| Mailing List ArchivesAuthenticated access |  | ![[Computer Systems Lab]](http://www.cs.wisc.edu/pics/csl_logo.gif)  | 
 
[Date Prev][Date Next][Thread Prev][Thread Next][Date Index][Thread Index]
[HTCondor-users] Adding GPUs to machine resources
- Date: Wed, 12 Mar 2014 16:06:46 +0100
- From: Steffen Grunewald <Steffen.Grunewald@xxxxxxxxxx>
- Subject: [HTCondor-users] Adding GPUs to machine resources
I've been running Condor for more than a decade now, but being 
rather new to the Condor/GPU business, I'm having a hard time now.

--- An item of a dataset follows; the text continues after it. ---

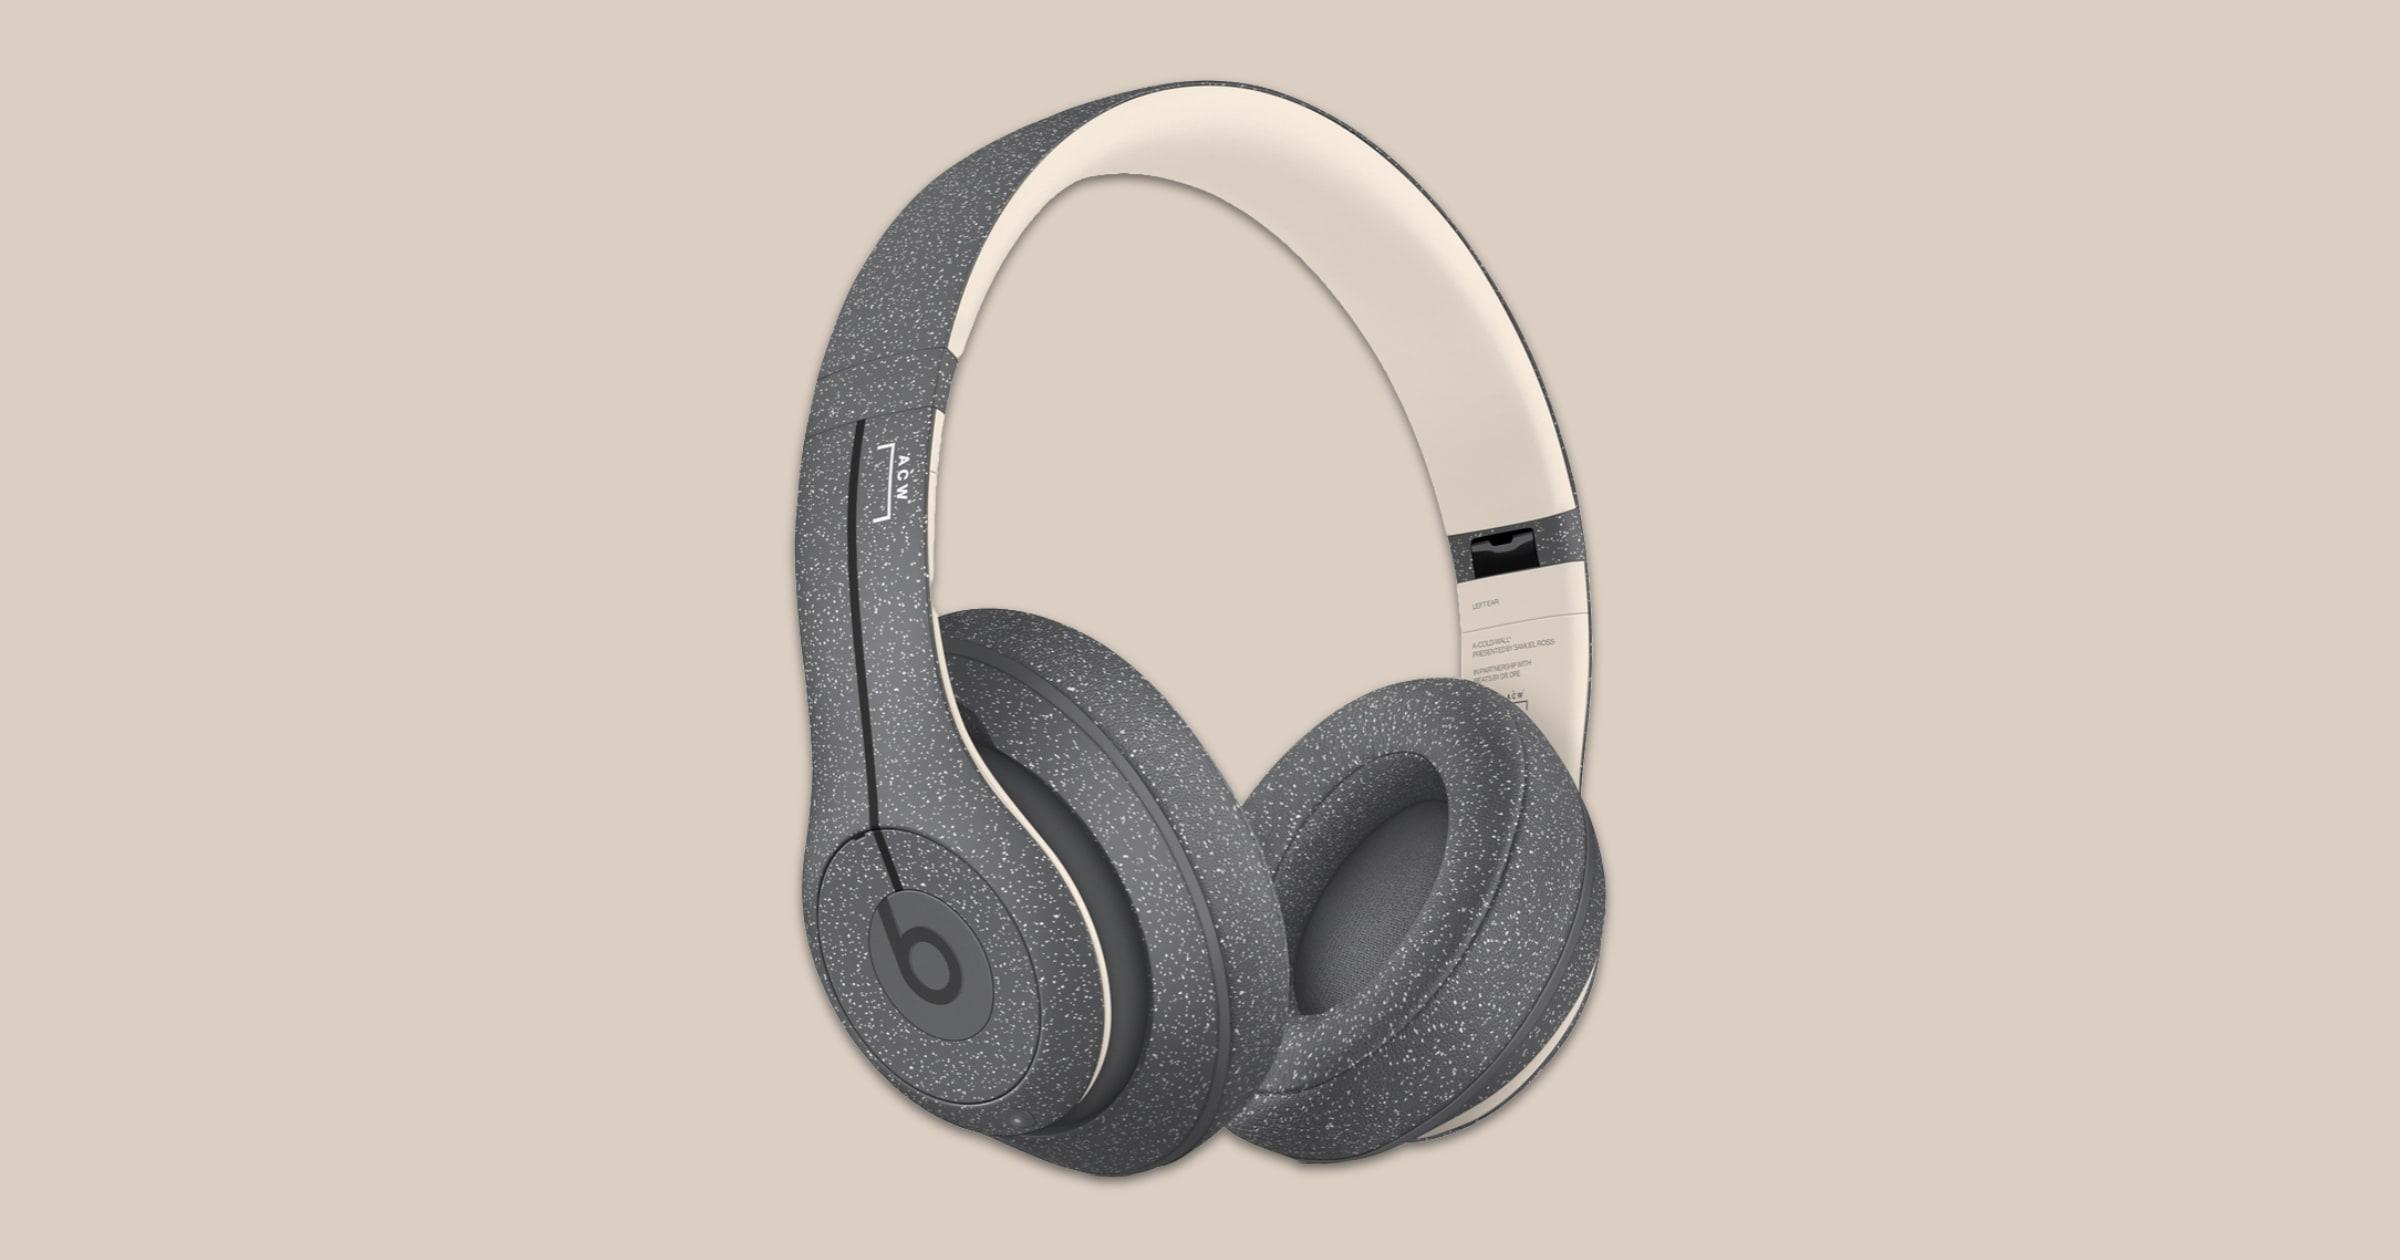 A-COLD-WALL Beats headphones

Following http://spinningmatt.wordpress.com/2012/11/19, I have tried
to add two GPUs to the resources available to a standalone machine
with a number of CPU cores, by defining in condor_config.d/gpu:
MACHINE_RESOURCE_NAMES    = GPUS
MACHINE_RESOURCE_GPUS     = 2
SLOT_TYPE_1               = cpus=100%,auto
SLOT_TYPE_1_PARTITIONABLE = TRUE
NUM_SLOTS_TYPE_1          = 1
I added a "request_gpus" line to my - otherwise rather simplistic -
submit file, specifying either 1 or 0.
This works - depending on the amount of free resources (obviously,
the GPUS are the least abundant one), jobs get matched and started.
Checking the output of condor_status -l for the individual dynamic
slots, the numbers look OK.
(I'm wondering whether I'd have to set request_gpus=0 somewhere.
Seems to default to 0 though.)
Now the idea is to tell the job - via arguments, environment,
or a job wrapper - which GPU to use. This is where I ran out of
ideas.
https://htcondor-wiki.cs.wiki.edu/index.cgi/wiki?p=HowToManageGpus
suggests to use 
  arguments = @...$((AssignedGPUs))
but this macro cannot be expanded on job submission...
There's no _CONDOR_AssignedGPUs in the "printenv" output.
Even
# grep -i gpu /var/lib/condor/execute/dir_*/.{machine,job}.ad
doesn't show anything that looks helpful.
Addition of a line
ENVIRONMENT_FOR_AssignedGpus = CUDA_VISIBLE_DEVICES, GPU_DEVICE_ORDINAL
as suggested in the wiki page shows no effect at all.
Also, $(LIBEXEC)/condor_gpu_discovery doesn't work as expected:
# /usr/lib/condor/libexec/condor_gpu_discovery [-properties]
modprobe: FATAL: Module nvidia-uvm not found.
2
(and -properties makes no difference)
In the end, I'd like to have up to TotalGpus slots with a (or
both) GPU/s assigned to it/them, and $CUDA_VISIBLE_DEVICES or
another environment variable telling me (and a possible wrapper
script) the device numbers. (I also suppose that a non-GPU slot
would have to set $CUDA_VISIBLE_DEVICES to the empty string or
-1?)
In an era of partitionable resources, will I still have to revert
to static assignments of the individual GPUs to static slots? I
don't hope so (as this doesn't provide an easy means to allocate
both GPUs to a single job)...
Any suggestions?
Thanks,
 S
-- 
Steffen Grunewald * Cluster Admin * steffen.grunewald(*)aei.mpg.de
MPI f. Gravitationsphysik (AEI) * Am Mühlenberg 1, D-14476 Potsdam
http://www.aei.mpg.de/ * ------- * +49-331-567-{fon:7274,fax:7298}